Tunchiornis is a genus of birds in the family Vireonidae, the vireos, greenlets, and shrike-babblers. Its members are found in Central and South America.

==Taxonomy==

The genus Tunchiornis was introduced in 2014 by David Slager and John Klicka with Hylophilus ochraceiceps Sclater, PL, 1860, the ochre-crowned greenlet, as the type species. The genus name combines El Tunche from Peruvian mythology, the whistling guardian spirit of the forest, with Ancient Greek ορνις/ornis, ορνιθος /ornithos meaning "bird".

The genus' further taxonomy is unsettled. The IOC, AviList, the Clements taxonomy, and the South American Classification Committee (SACC) recognize these four species:

| Image | Common name | Scientific name | Distribution |
|---|---|---|---|
|  | Ochre-crowned greenlet | Tunchiornis ochraceiceps | Mexico, Central America, western Colombia. |
|  | Rufous-fronted greenlet | Tunchiornis ferrugineifrons | Western Amazonia. |
|  | Guianan greenlet | Tunchiornis luteifrons | Guiana shield. |
|  | Para greenlet | Tunchiornis rubrifrons | Pará, Brazil. |

However, BirdLife International's Handbook of the Birds of the World (HBW) does not recognize T. ferrugineifrons as a species but includes it as a subspecies of T. ochraceiceps.
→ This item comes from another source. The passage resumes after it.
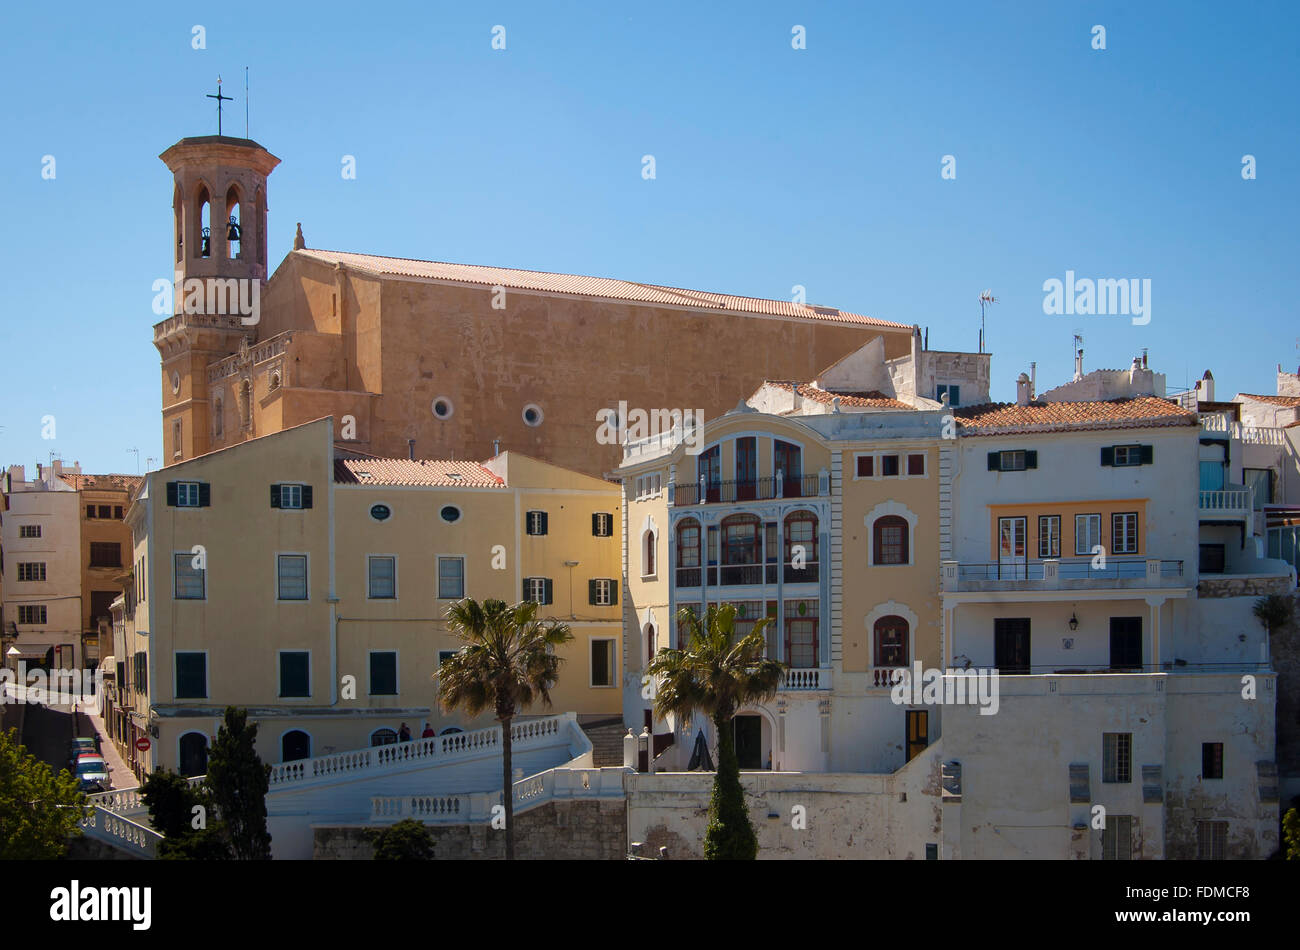 Building in the Old Town, Mahon, Menorca, Spain Stock Photo

Confusingly, it calls T. ochraceiceps by its old name "tawny-crowned greenlet" and calls T. rubrifrons the "rufous-fronted greenlet", which the other systems use for T. ferrugineifrons. It also calls T. luteifrons the "olive-crowned greenlet". And in July 2026 the SACC renamed all members of Tunchiornis "brownlet". They made the change because the genus Tunchiornis is not closely related to the other genera of greenlets and because its species are more brown than green. (Note: The SACC adopted the split in February 2026 and between then and July called the four species the "northern", "western", "Guianan", and "Para" tawny-crowned greenlets. At the same time that they adopted "brownlet" they deleted "tawny-crowned" from the names and adopted the other systems' prefixes of "ochre-crowned" and "rufous-fronted" for the first two species.)